幼いながら必死に記憶の糸をたどってなんとか逃れようともがいたものの、

母に通用するわけもなく数分であきらめた弱虫な自分に乾杯

 

とにかく、どうしても自分でやめたいという意志を伝えなければならないらしい、

という現実にようやく気付いた私はまたまた思考がどうしようモードに逆戻り。

 

今まで通り練習を続けていくか、それとも勇気を出してやめると先生に伝えるか、

しばらく考えて出した結論・・・・ はい、わたくしひろこは今まで通りに

ピアノを習い続けます! なんというあっけない幕引きだったのでしょうね。

 

100対0で先生に言いたくないからピアノを続けるが勝利したわけです。

 

子供の頃の毎日って本当に楽しいことがたくさんありますよね。

新しい発見の連続で、自分の世界にはないものに興味いっぱい。

 

お友達と一緒に遊ぶこと、絵本、おもちゃ、お絵かき、ゲーム?(笑)

今は大人でも楽しめるような魅力的なものであふれ、誘惑がいっぱい!

 

確かに好きなこと、得意なことではじめは楽しく取り組んでいた習い事も、

他にもっと好きなことができたり、単純に飽きたり、練習が嫌になったり、

些細な理由でやめる方向に向かうことって珍しくないと思います。

 

私の場合もその典型で、なんとなく練習するよりもっと他の事に時間を使って

夢中になってみたかった。
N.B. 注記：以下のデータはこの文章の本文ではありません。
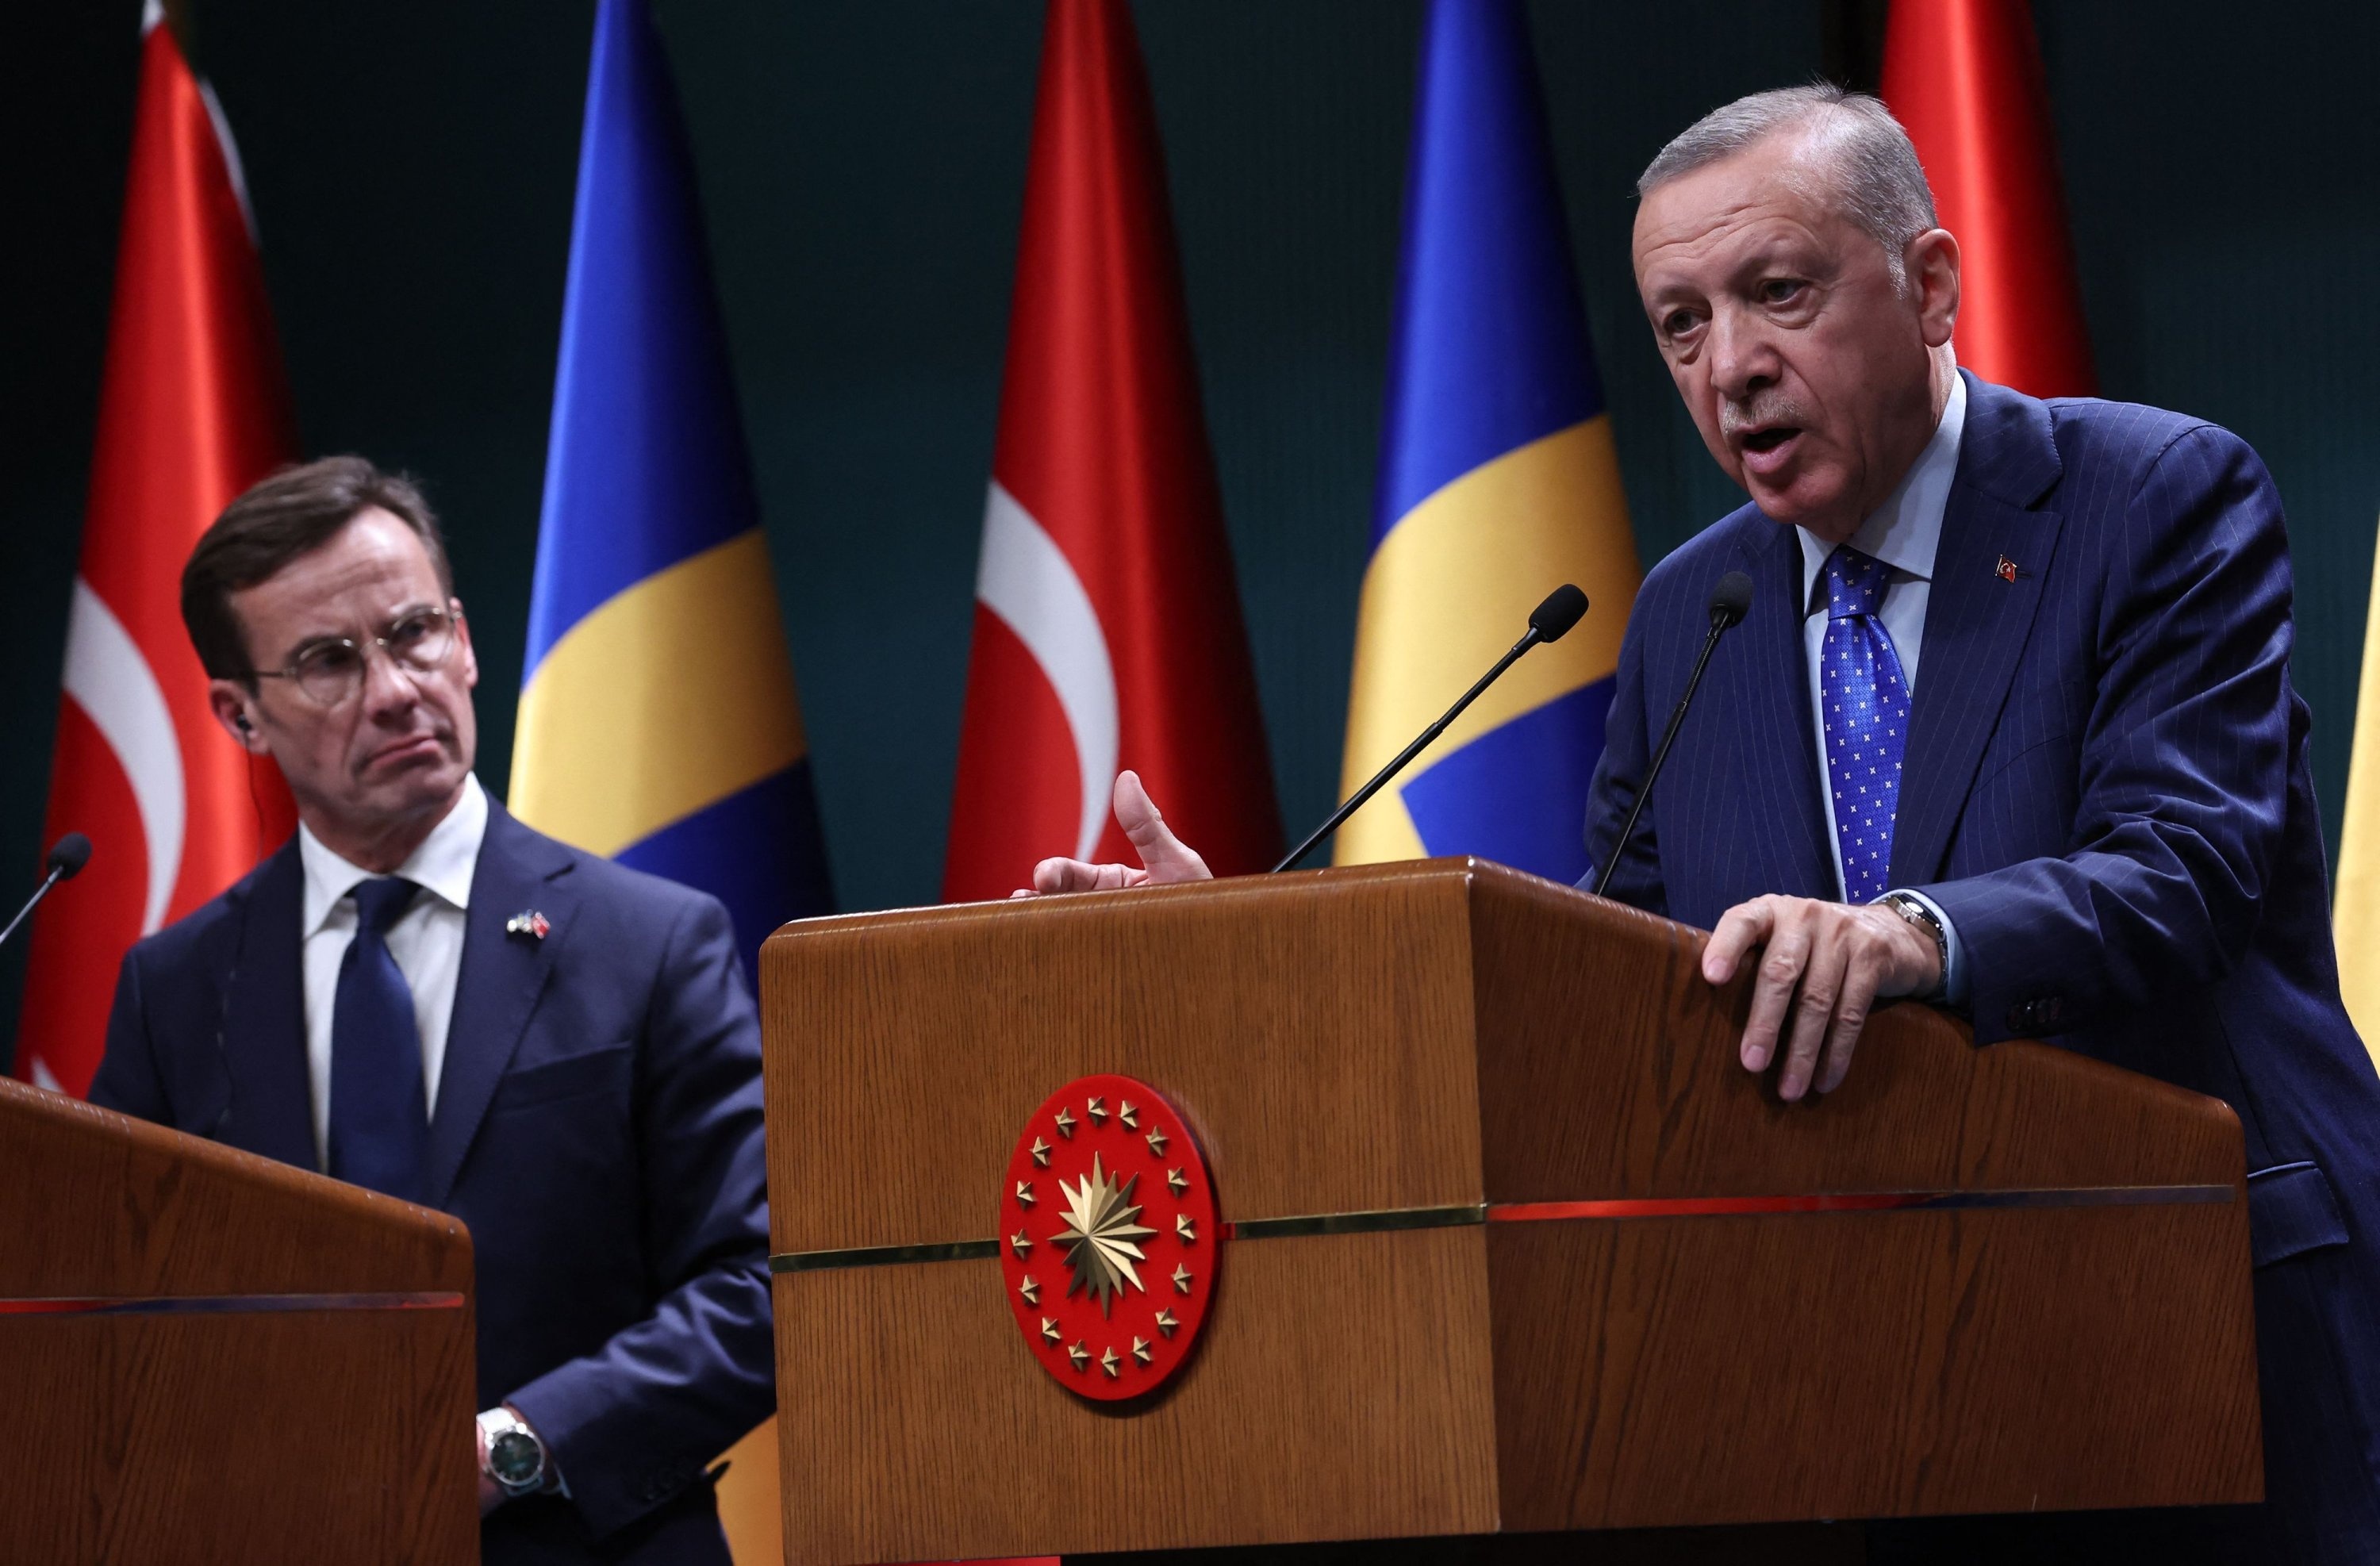 ترکیه از میزان مقابله سوئد با کردها راضی نیست

決してピアノが嫌いになったわけでも、 ひどく苦痛を

感じていたわけでもありませんでした。

 

もし、やめたいと母に伝えた時に違う答えが返ってきていたら・・・

もう少し続けてごらん、本当にやめたいなら一緒に伝えに行こう、 そんなふうに

言われていたら私はピアノを通して何も学ぶことが できなかったと思います。

 

母にうまく誘導されたような感じも多少はありましたが、

でもどんな理由であっても、

「私はピアノを続ける」という道を 自分の意志で選んだことに間違いありません。

 

その後は何事もなかったようにピアノのある日常に戻ったわけですが、

今までと違うことが一つ・・・ それは、ピアノは私の意志で続けていると体で

認識した、ということです。 好きだからやってみる、興味があるからやってみる。

 

何かを始めるきっかけなんて大それたことばかりではないですよね。

様々な状況によって続けることが難しいことだってあります。

 

でも、あれから30年以上ピアノと付き合ってきた今振り返ってみると、

私のピアノ人生はまさにあの時が分かれ道だったのだと、

なんとなく 好きだから弾いていたピアノが、私の人生のパートナーになった日でした。

 

そして、自分の行いには自分の意志が働いていること、 どんな結果であっても責任は

自分にある、という考えが その後の自分を支える太い幹になったと思っています。